Abstract :
[en] Electromechanical oscillations threaten the secure operation of power systems and if not controlled efficiently can lead to generator outages, line tripping and even large-scale blackouts. Different damping devices, like Power System Stabilizers (PSSs), Thyristor Controlled Series Compensators (TCSCs), and so on, are installed to damp these oscillations.
This thesis proposes a trajectory-based supplementary control to improve damping effects of existing controllers, which treats damping control as a multi-step optimization control problem with discrete dynamics and costs. At each control time, it collects current system states, solves the optimal control problem and superimposes the calculated supplementary inputs on the outputs of existing damping controllers, in order to enhance the damping. These supplementary signals are continuously updated, which allows to adaptively adjust and coordinate a subset of existing damping controllers, and eventually all of them. Two kinds of methods, Model Predictive Control (MPC) and Reinforcement Learning (RL), are used to embody the proposed supplementary damping control.
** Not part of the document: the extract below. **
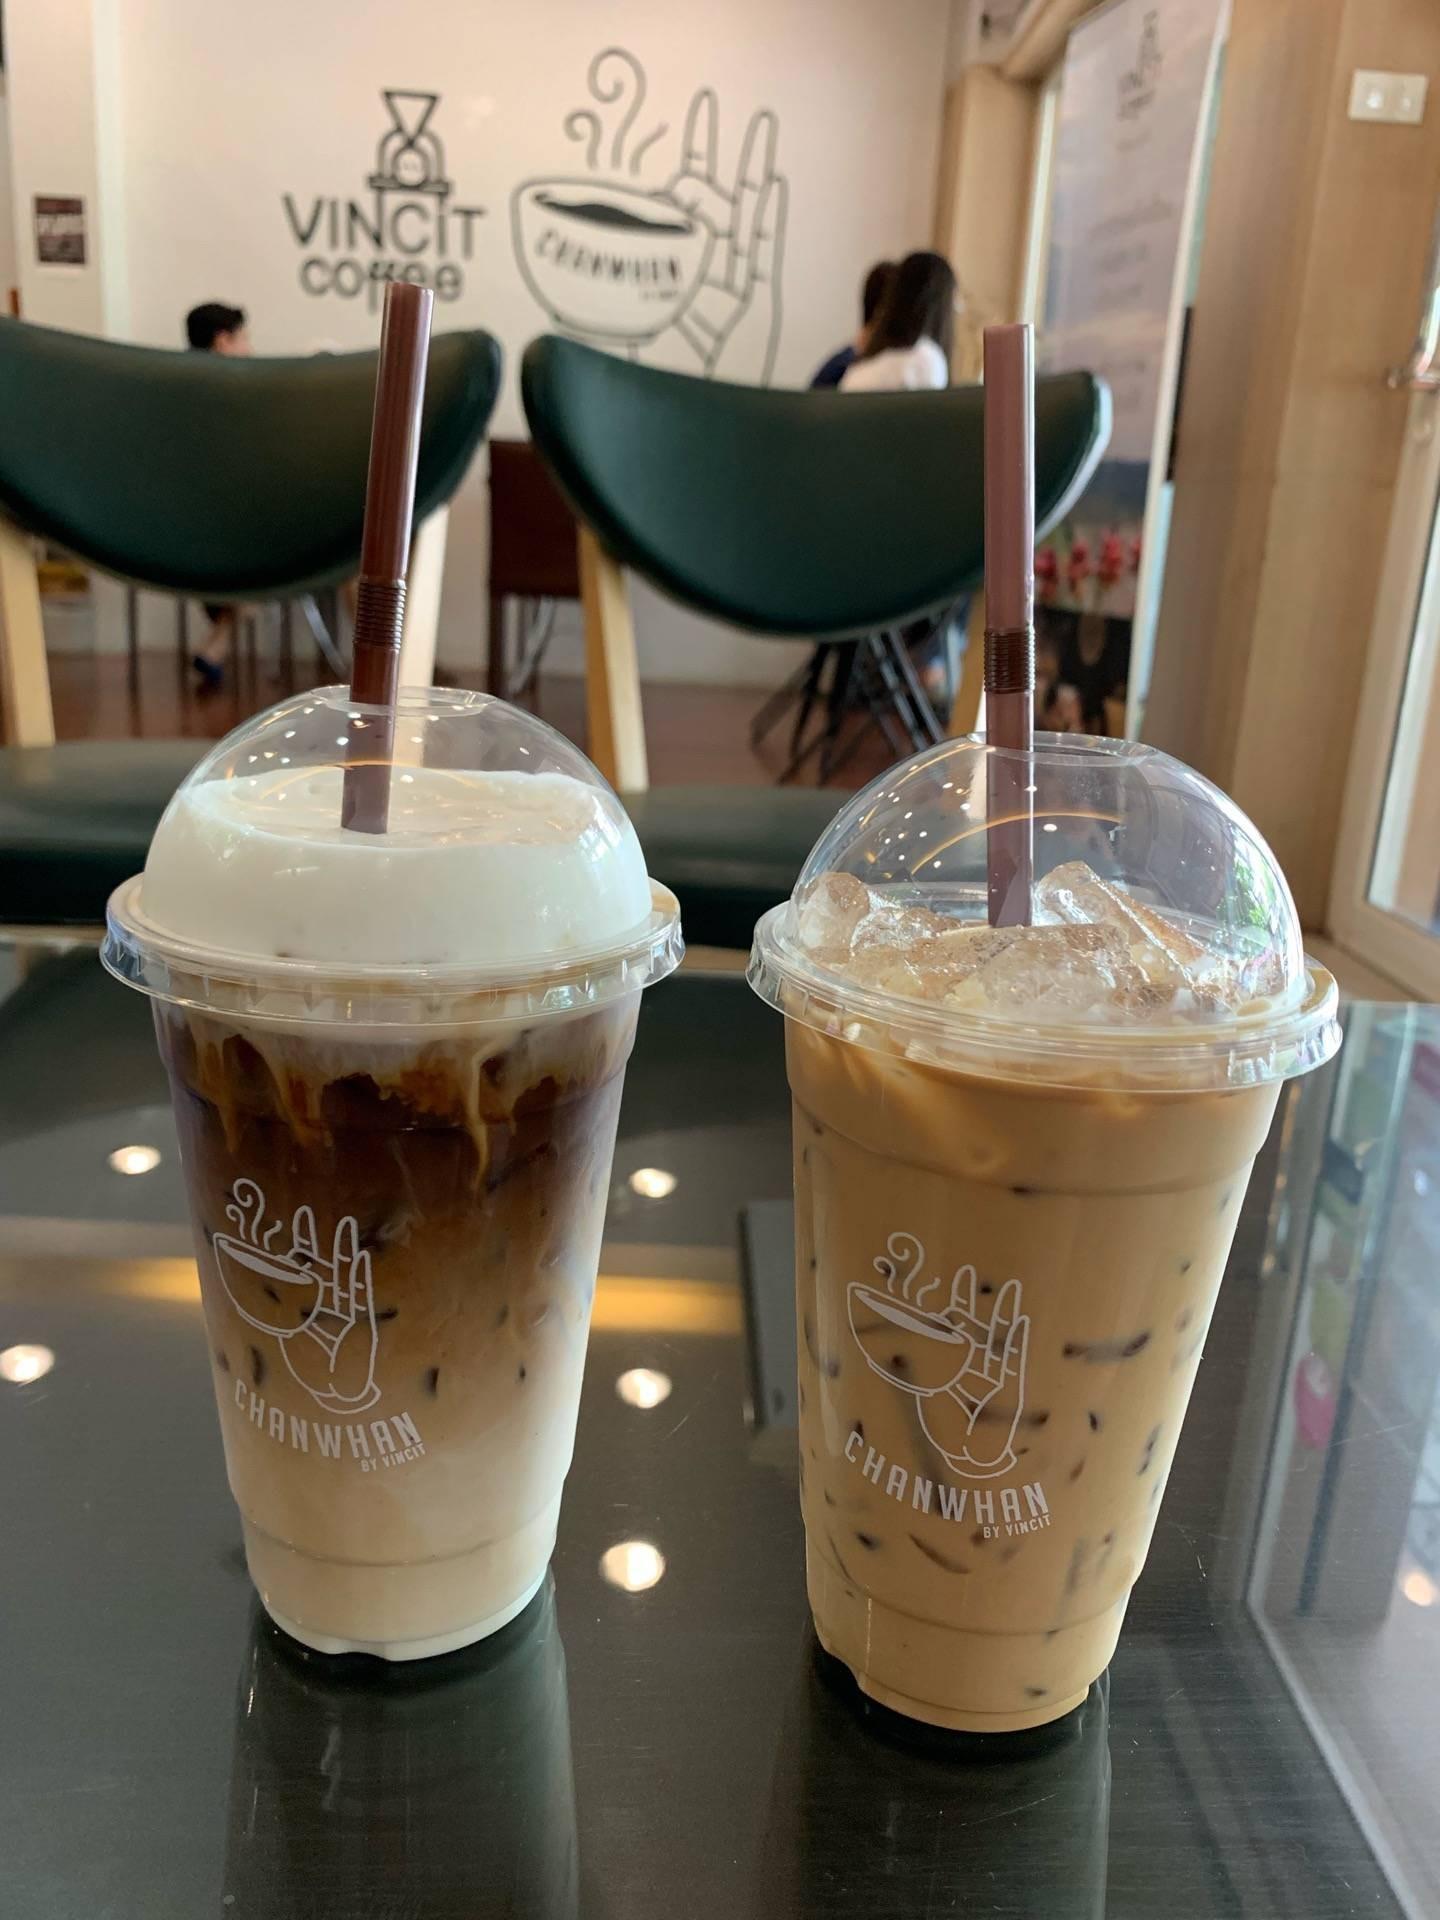 Chanwhan By Vincit Coffee

Firstly, a fully centralized MPC scheme is designed based on a linearized, discrete, complete state space model. Its performances are evaluated both in ideal conditions and considering realistic state estimation errors, and computation and communication delays. The effects of the number and type of available damping controllers are also studied. This scheme is further extended into a distributed scheme with the aim of making it more viable for very large-scale or multi-area systems. Different ways of decoupling and coordinating between subsystems are analyzed. Finally, a robust hierarchical multi-area MPC scheme is proposed, introducing a second layer of MPC based controllers at the level of individual power plants and transmission lines.
Secondly, a tree-based batch mode RL algorithm is applied to carry on the proposed supplementary damping control. Using a set of dynamic and reward four-tuples, it constructs an approximation of the optimal $Q$-function over a given temporal horizon. The actions greediest with respect to the $Q$-function are applied as supplementary signals to existing damping controllers. The scheme is firstly tested on a single generator, and then on multiple generators. Different reward signals and damping levels are also considered. Finally, the combined control effects of MPC and RL are investigated.